[Start of section]

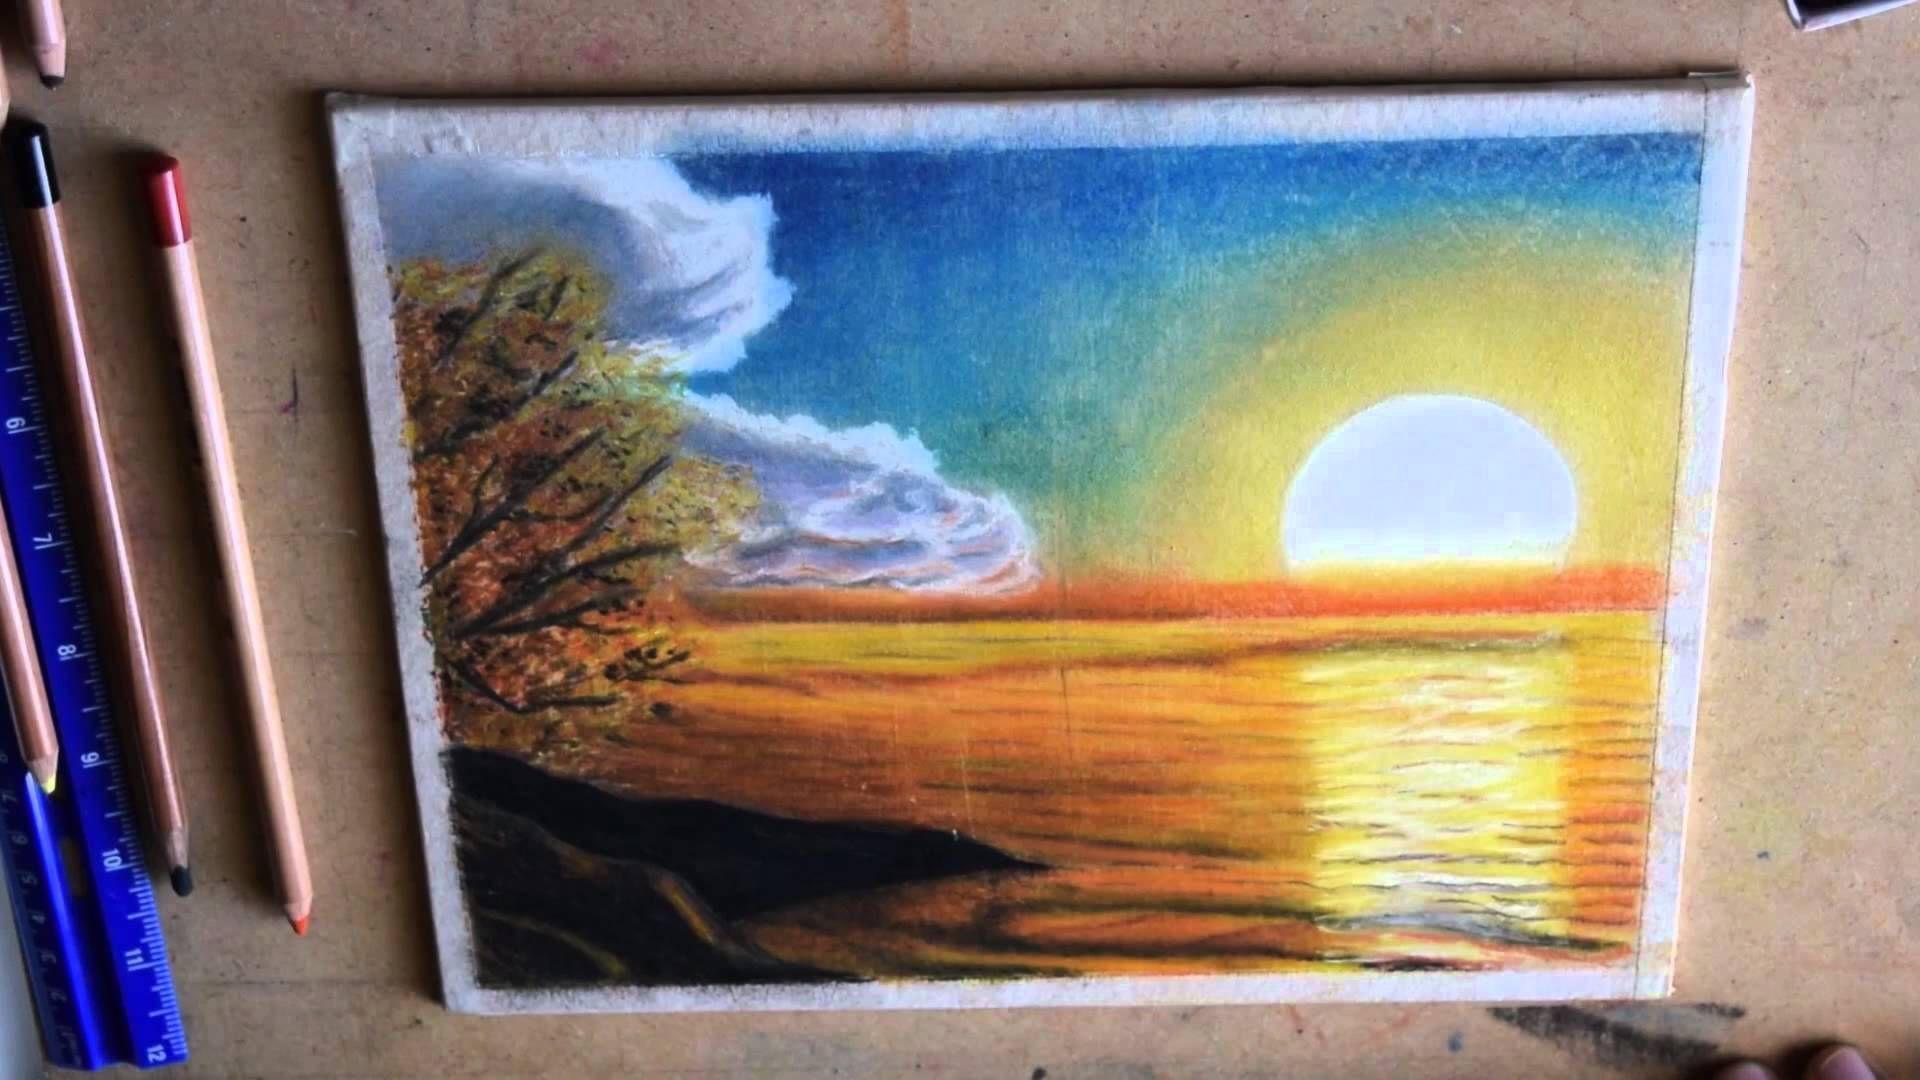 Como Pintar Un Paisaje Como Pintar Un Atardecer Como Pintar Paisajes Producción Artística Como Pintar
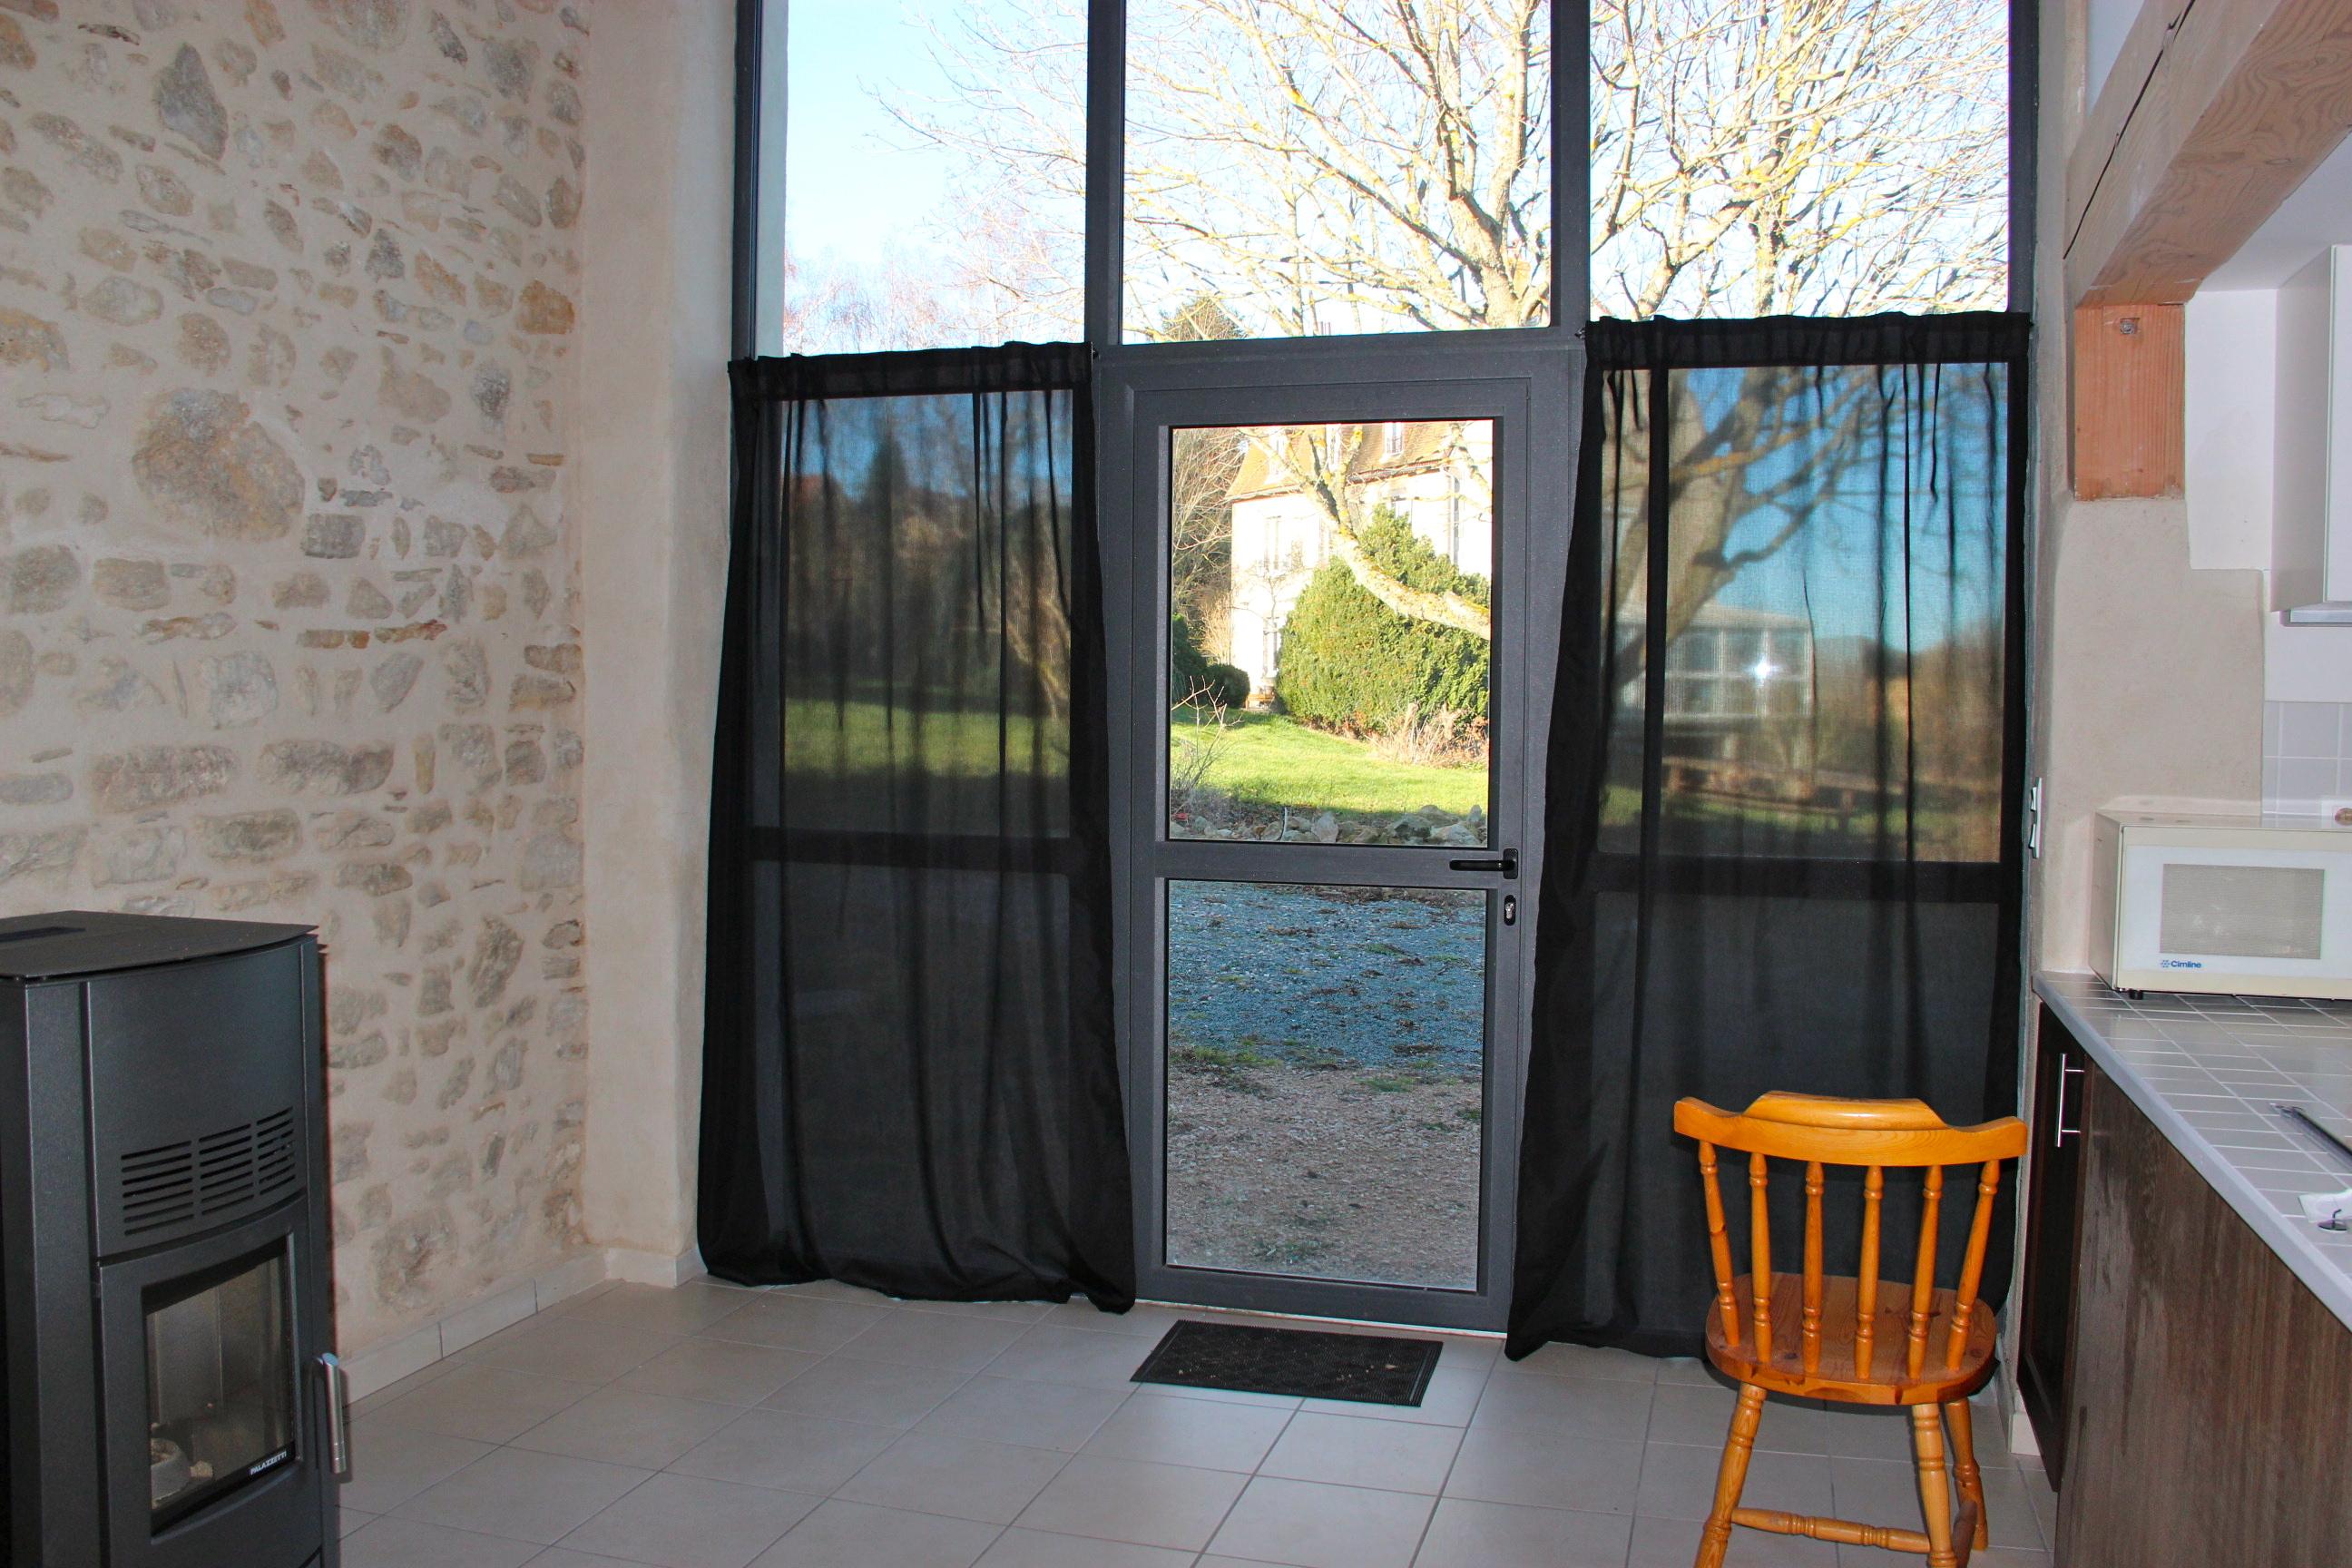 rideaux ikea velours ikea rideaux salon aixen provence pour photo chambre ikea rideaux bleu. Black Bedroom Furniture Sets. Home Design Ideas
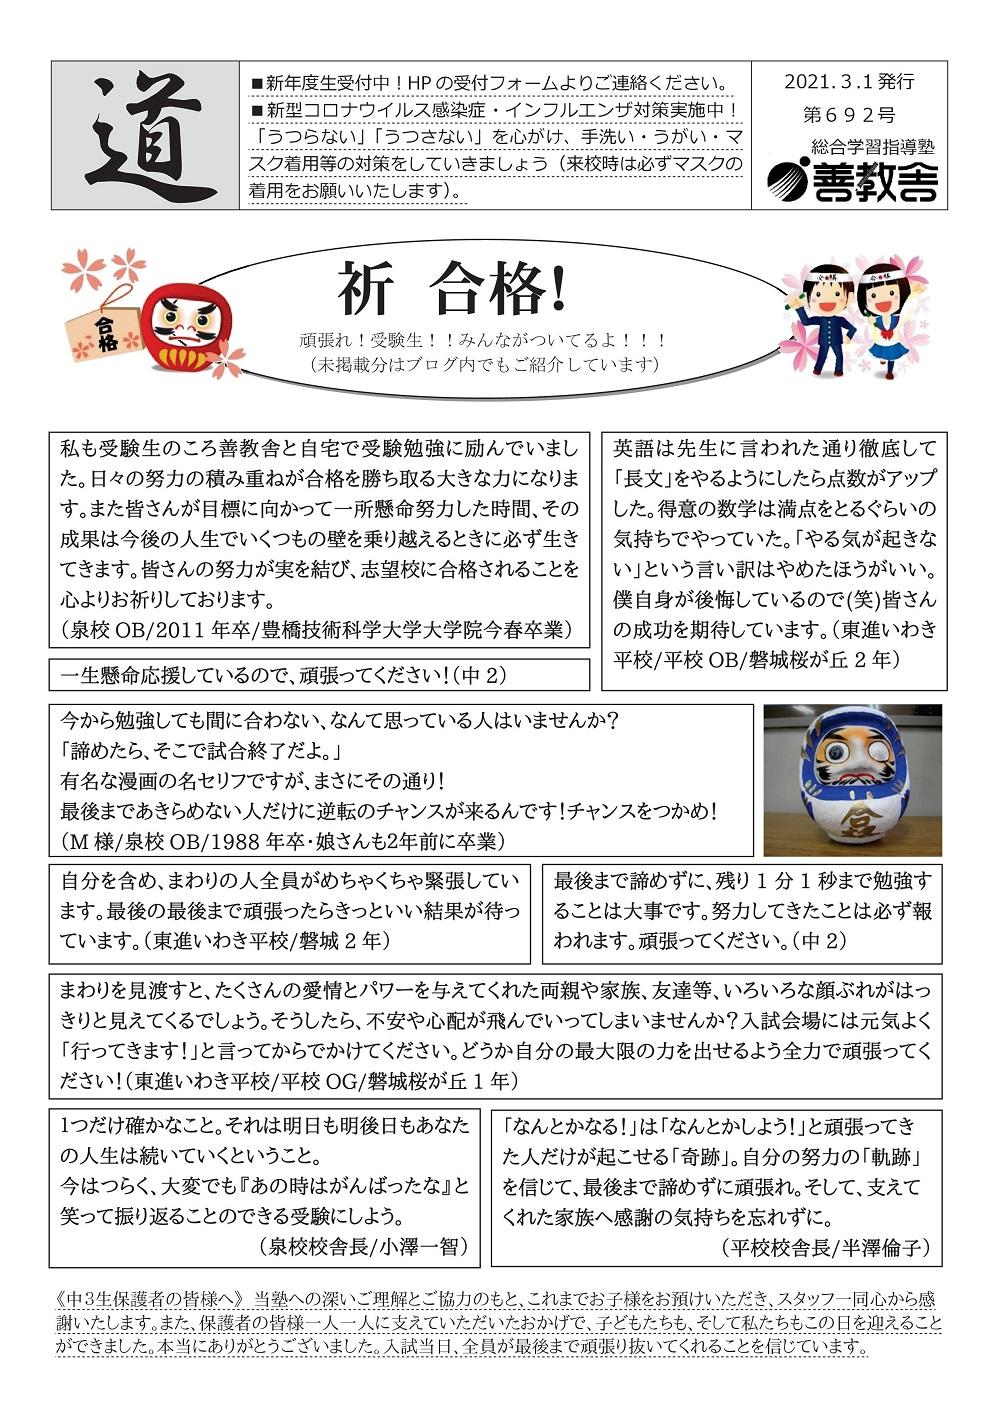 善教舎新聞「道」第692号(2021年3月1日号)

[End of section]

What to work on
Each line of the data above is to be output exactly; the pictures are not to appear.

Task output
 Como Pintar Un Paisaje Como Pintar Un Atardecer Como Pintar Paisajes Producción Artística Como Pintar
 rideaux ikea velours ikea rideaux salon aixen provence pour photo chambre ikea rideaux bleu. Black Bedroom Furniture Sets. Home Design Ideas
 善教舎新聞「道」第692号(2021年3月1日号)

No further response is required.